In spite of the constraints and unnecessary road blocks in the way of their natural professional development, Chemical Engineers have made their presence felt in several areas of technology absorption and adaptation processes in the country. In the following table the author has attempted to present his personal estimate of the degree of professional capability gained by Chemical Engineers till to date.

Concluding remarks and looking ahead

- It is now well understood in most developing countries that while industrial units can be set up through foreign aid in its various forms, technology is a commodity which has a price tag attached to it. There is no "fixed price" for technology. The price depends on the bargaining capacity of the recipient country. The bargaining capacity is derived from the capability for judicious selection, knowledge of world technology shelf, in-house engineering capability and adequate academic background of the recipient. The profession of Chemical Engineering is poised to play a key role in augmenting this bargaining capacity.

- The corporations in the public sector do have Chemical Engineers with long experience in relevant enterprises. Lately, these experts have been involved in evaluation of technology proposals. However, institutional arrangements to assess, adapt and absorb the largely imported technology are still in a rudimentary stage. Thus, the sector in general and chemical industry in particular have not yet been infused with an innate dynamism which can propel it to reach new heights of chemical engineering innovation and creativity.

- Experience of more successful Asian countries like India, South Korea and notably Japan prove that the weakness of the existing material base does not constitute insurmountable barriers to development of chemical industries provided the human resource base and the socio-economic and cultural environment are deliberately transformed to fruitfully utilize imported technology.
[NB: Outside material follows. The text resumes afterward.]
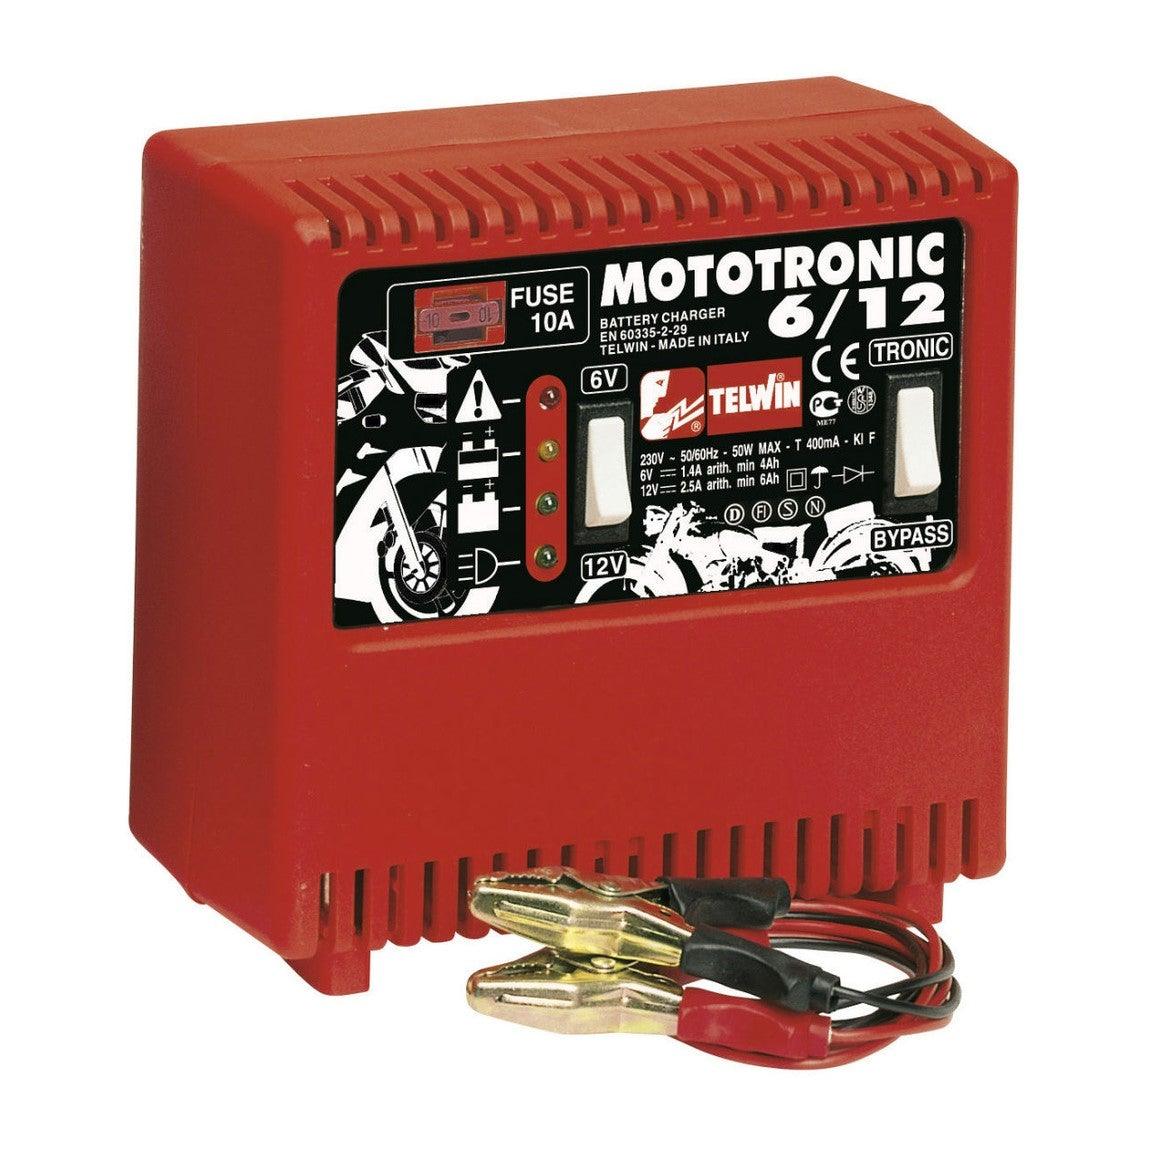 6-12: Mototronic Trading Battery Charger — Takla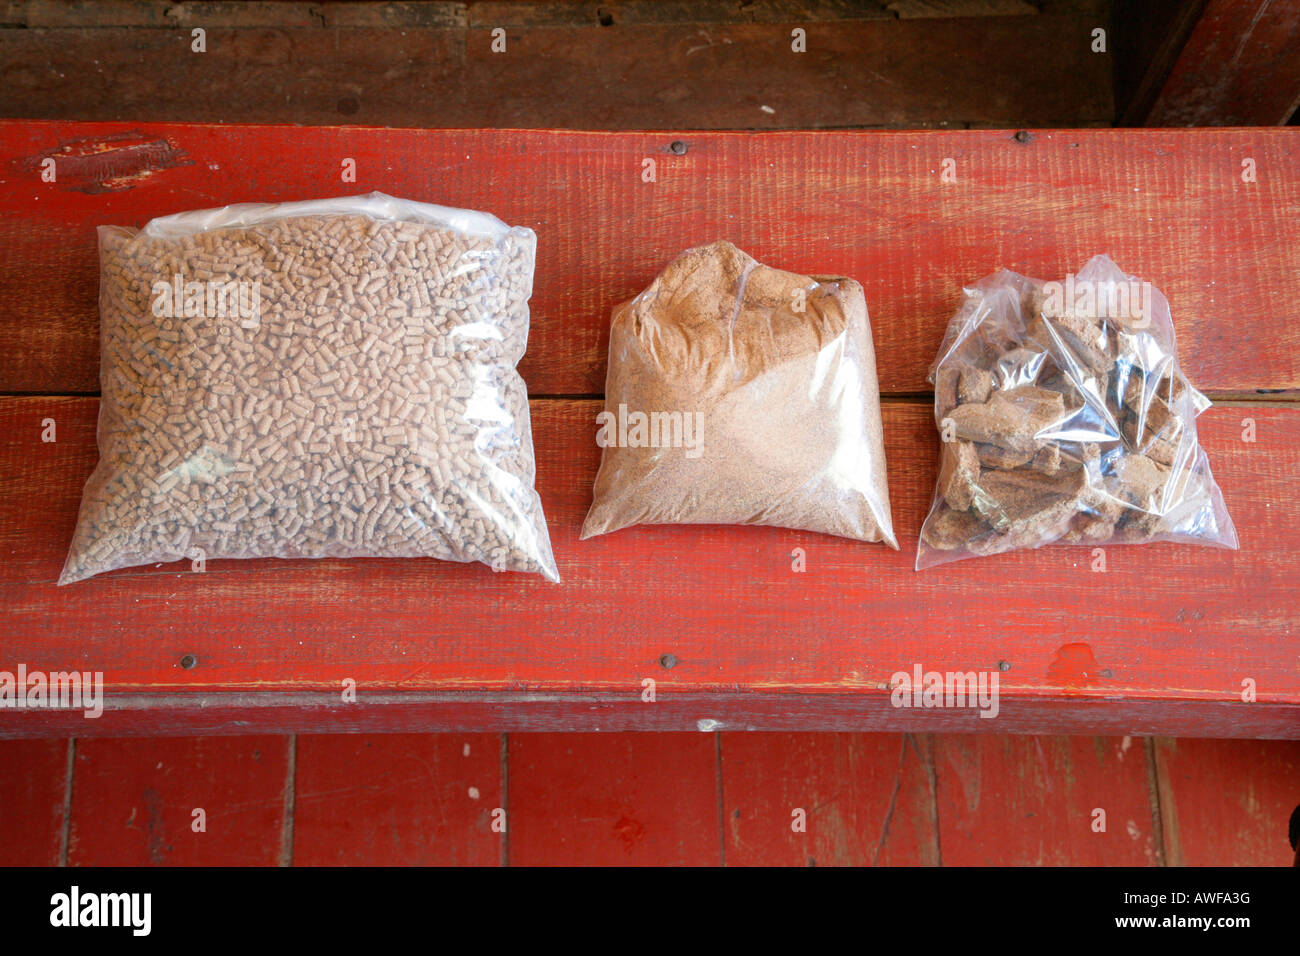 Coconut products, shavings, chips and grease, coconut processing, Georgetown, Guyana, South America Stock Photo

- Successful absorption of imported technology in the country require institutional arrangements where Chemical Engineers can meaningfully utilize their training and skills. The development activities would include efforts to replicate existing vintages of technology utilizing knowledge accumulated from long years of operating existing plants, design engineering initiatives for adapting some of the processes to suit local raw materials and conditions and pilot plant studies on some promising locally developed processes.